One of the first things I wanted to figure out was a kind of more difficult one — how do you know what type of starter that you have? What WAR range is equal to what type of pitcher in MLB? A very nice, long conversation on Twitter had me thinking this could be a good breakdown for any given season:
AAA: less than 1.25 WAR
Number 5: 1.25–2 WAR
Number 4: 2–2.75 WAR
Number 3: 2.75–3.5 WAR
Number 2: 3.5–4.25 WAR
Number 1: 4.25–4.99 WAR
Ace: 5+ WAR
Seemed like a really good start at the very least! After getting that down, I wanted to see display this data but by the age of the pitcher. Let’s see how it looks:
Some data notes: these are pitchers who pitched between 2000 and 2019. I wanted to make sure that I had a minimum of 100 IP for the starters as I felt that would separate them enough from relievers.
Really nice breakdown. And I think it breaks down about how you might expect. There are more seasons of Ace level starters from age 26–31, then again there are a lot more seasons in total for this age group.
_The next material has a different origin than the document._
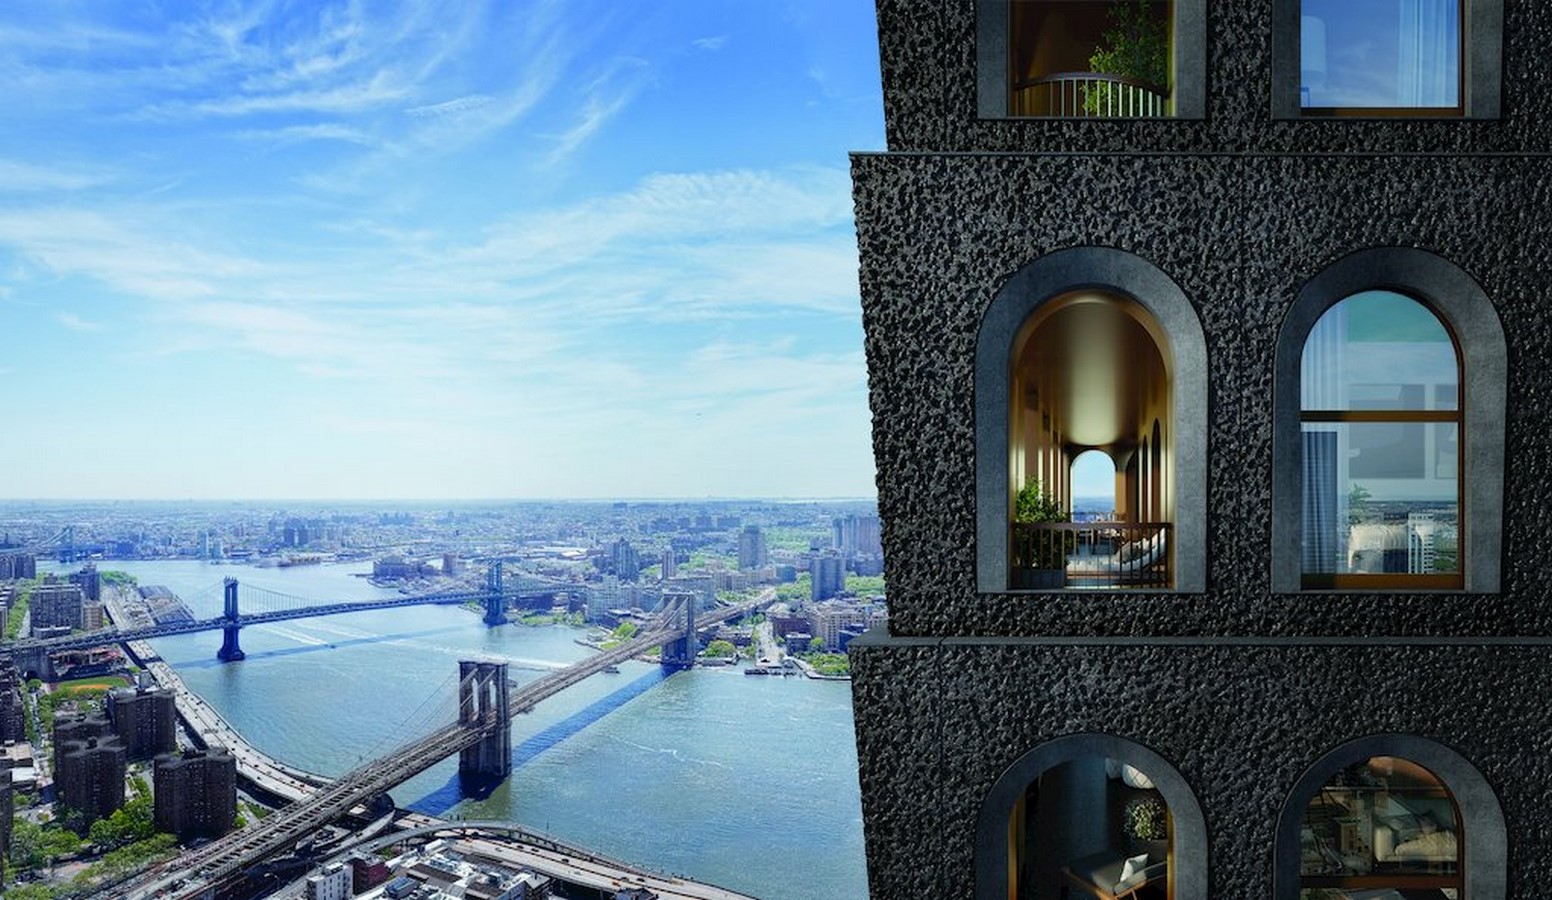 130 William by Sir David Adjaye: An elegant luxury condominium in Lower Manhattan - Sheet7

So now I wanted to break this down and compare it to relievers. How to starters compare to relievers at the same age. To get this, I broke it down a couple of ways. I wanted to see fWAR and fWAR per inning pitched to compare these numbers between the starters and relievers. I also did velocity and innings pitched to see the breakdown over time for each type of player and if the eventual downfall is greater for one or the other. Here’s what I was able to come up with:
More data notes: Since I wanted to compare fastball velocity, I removed anyone who did not register an average fastball velocity on FanGraphs, where I gathered the data, from my dataset (ended up being 2 pitchers in total). I wanted to also make sure that major outliers were removed. Since they don’t follow the norms, I didn’t want any chances of skewing the data (again, I’m looking at you Randy). So I used the NumPY’s quantile function to set a ceiling and floor based on fWAR of the starters. In all this gave me 2,968 relievers and 2,615 qualified starters for comparing.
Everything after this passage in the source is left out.